The Geekocratic Tendency

By Jon Agar, on 25 May 2012

A new social movement in science is gathering, and it is time to give it a name. It’s a mutation of an older tradition of scientific lobbying, but it has new features and deserves some analysis.

What is it?

Let’s describe its components and features. We would include organisations like Science is Vital, which formed to campaign against cuts in science during the present austerity. There are campaigns, such as Simon Singh’s anti-libel wars against the chiropracters.

There is a cultural wing – we are thinking of the spectrum of mutual regard that spans Ben Goldacre, Brian Cox, Wired magazine in the UK, and the comedians Robin Ince and Tim Minchin. These are the geek-tastic “skeptics”, all with an immense following via social and other media which extends now into real world grassroots events such as Skeptics in the Pub.

But the geekocratic tendency is not just about love of the values of science, or protecting the resources and funds for science, or even securing greater respect for science or worrying about public understanding. None of these features are especially unique, indeed we can identify many as having long historical roots tied up with the professionalisation, and popularisation, of science. The novelty is partly a stronger political focus (and especially a fetishisation of evidence-based policy-making), but presented as an ‘outsider’ view while being articulated in fact by well-connected ‘insiders’.

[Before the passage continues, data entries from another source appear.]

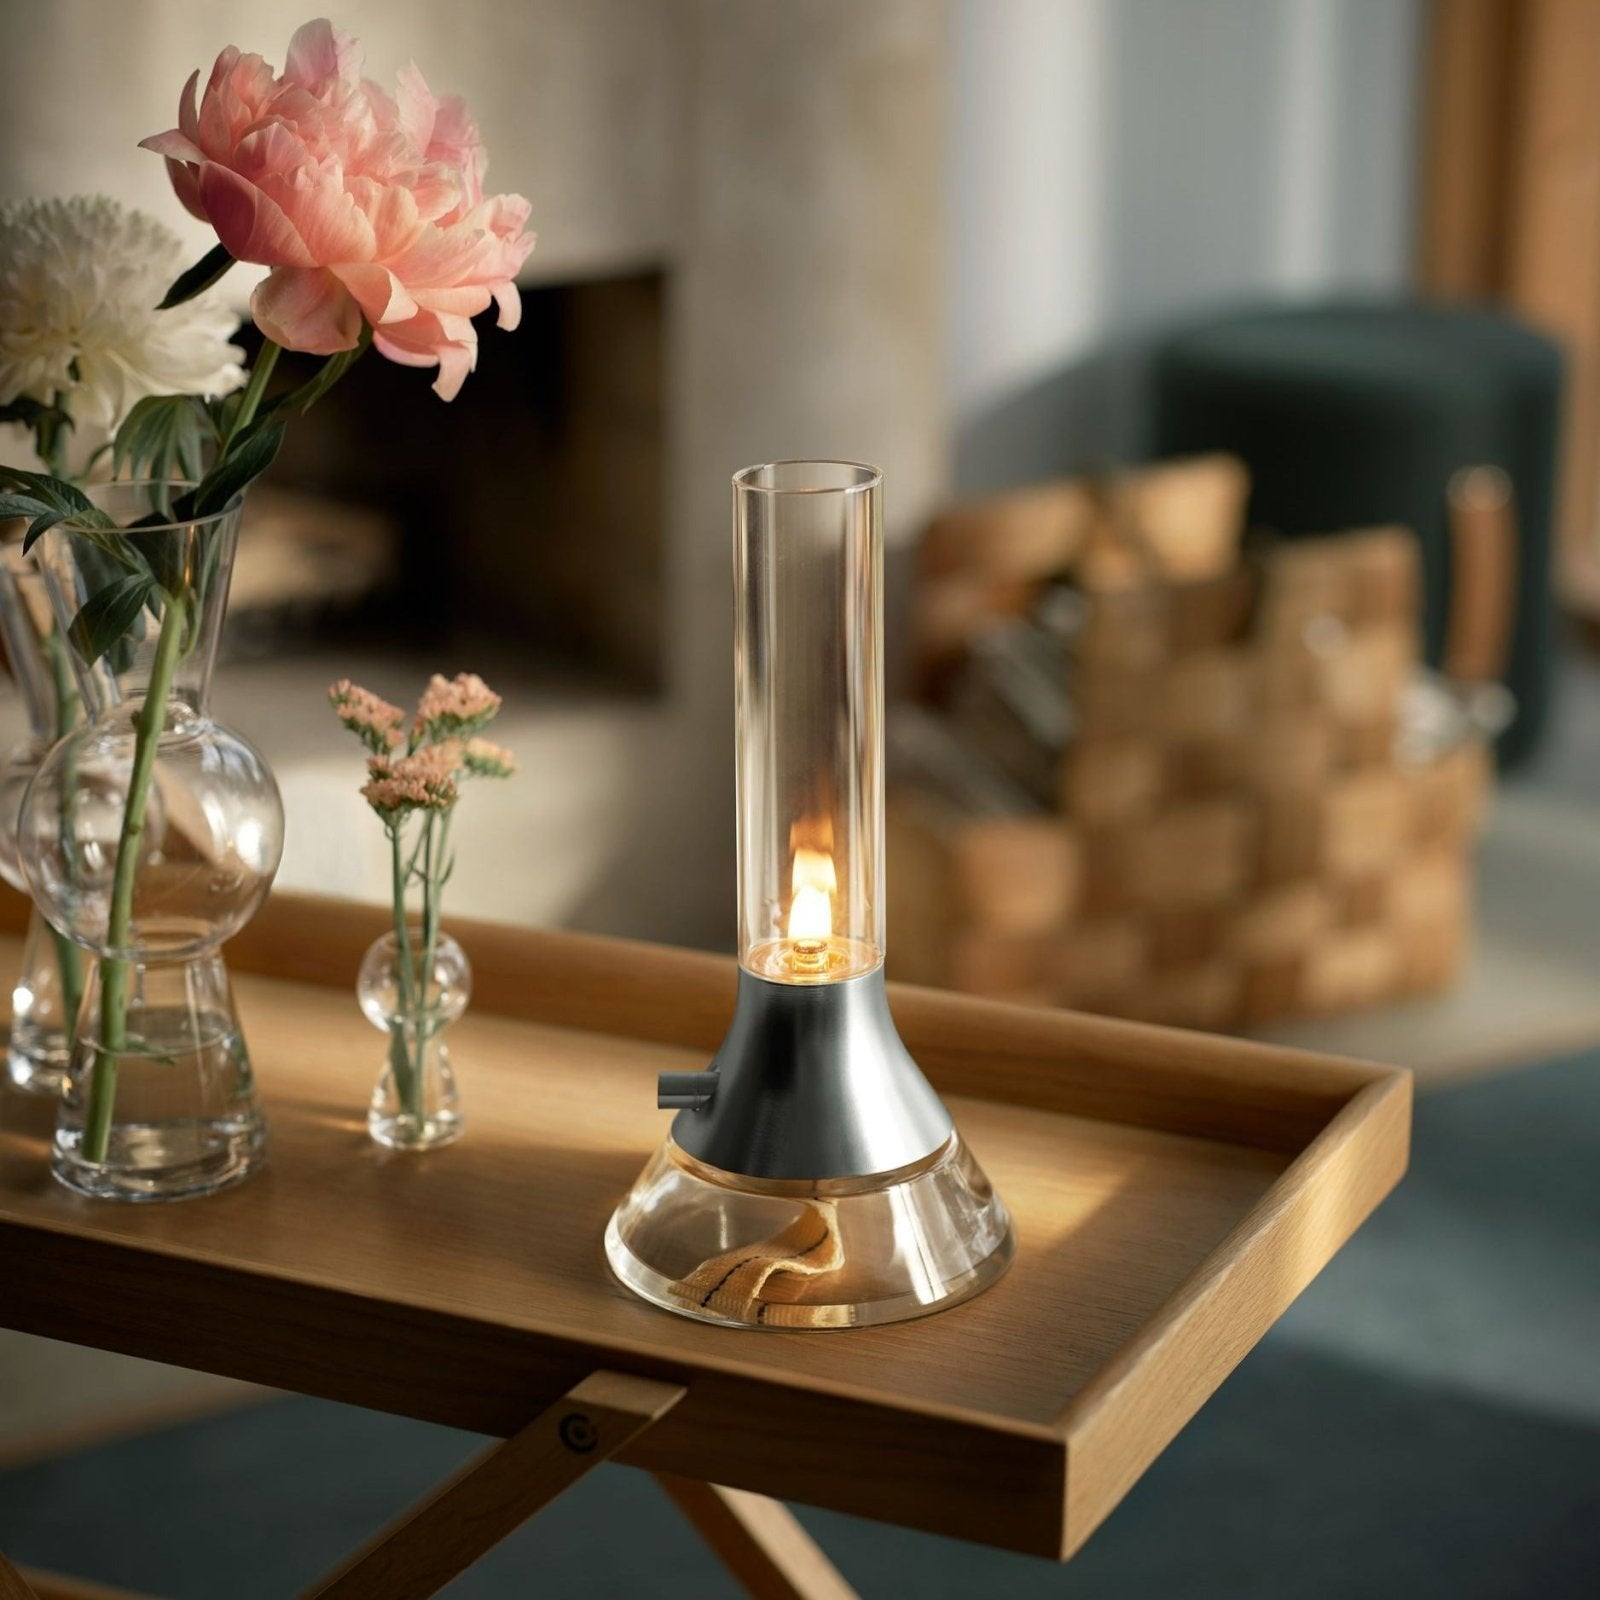 Fyr - Oil lamp / kerosene lamp Table lamp by Design House Stockholm
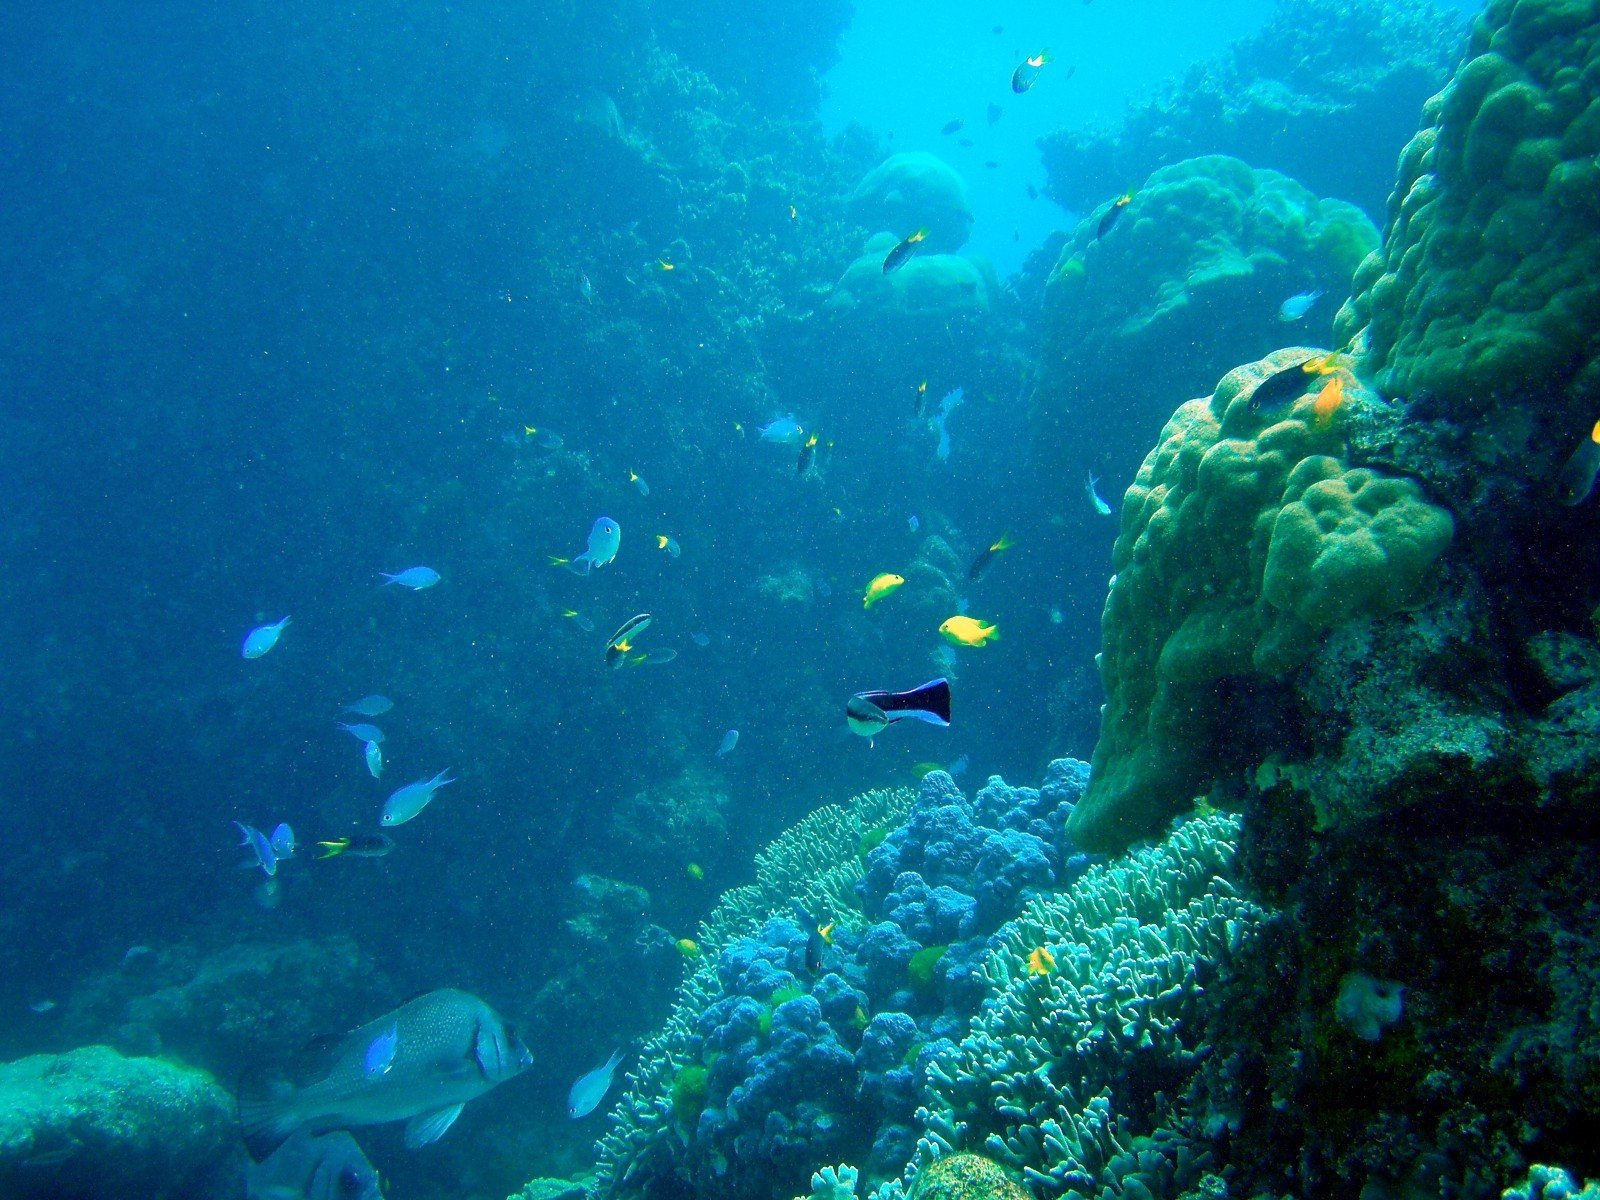 Картинка на дне моря. Море глубина. Море под водой. Подводный пейзаж. Морские глубины.
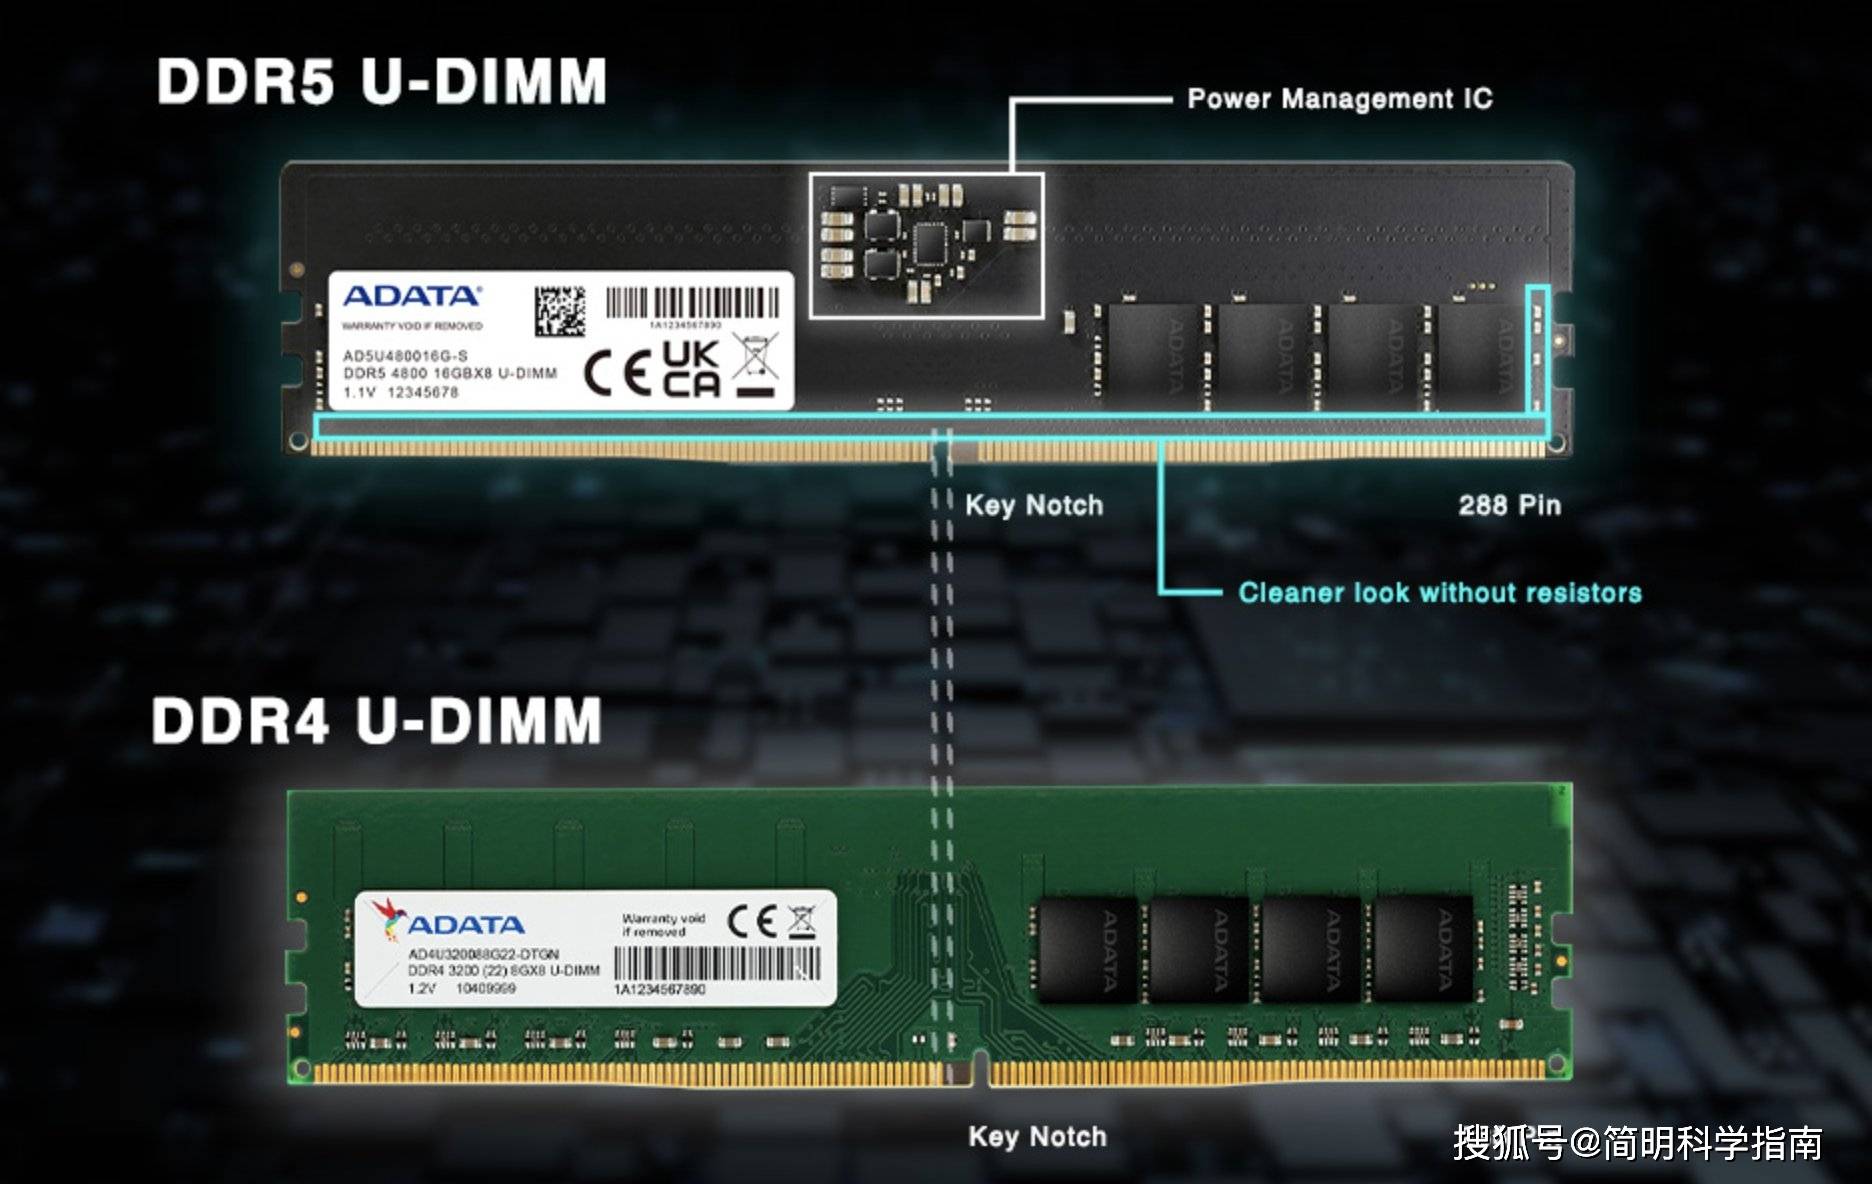 小米 5 内存之谜：DDR4 还是 DDR3？官方说明含糊其词引发猜疑  第3张

The key text is Mark Henderson’s Geek Manifesto, published this month. It not only serves as a rallying cry for all these groups but also as an attempt to reappropriate the term ‘geek’. Yet, Mark is no DIY science activist. He is Head of Communications at the Wellcome Trust, one of the leviathans of UK science funding. ‘Geek’, as Steve Cross has pointed out, has changed its meaning quite radically.

This social movement has other features. It has its own heroes (teenagers bravely standing up against anti-vivisectionists) and villains (homoeopathists, creationists, politicians who don’t ‘get’ science). It is self-policing – the criticism of the recent ‘death of British science’ campaign is an interesting example. The embarrassment and derision stemmed from the fact that this is a social movement that is much more politically savvy than some of grassroots.

 

Analysis

A social movement needs a name so that it can be tracked, discussed and perhaps supported or criticised. Hauke Riesch has described “science activists”. Proposals kicked around included “grabby geeks”, “science botherers”, the “SciNet” (a la SkyNet of Terminator fame), and the “Geek Establishment”. We like the “Geekocracy”.

So how do we account for this social movement? Is it merely, for example, a manifestation of a network? Certainly social media have provided older science lobby networks with a visibility and an immediacy of communication which is new. Perhaps without social networks the constituency of this social movement would remain local or individual and largely invisible. We in STS@UCL will be watching with interest.

 

(This post combines the collective thoughts of STS’s SASsy group.)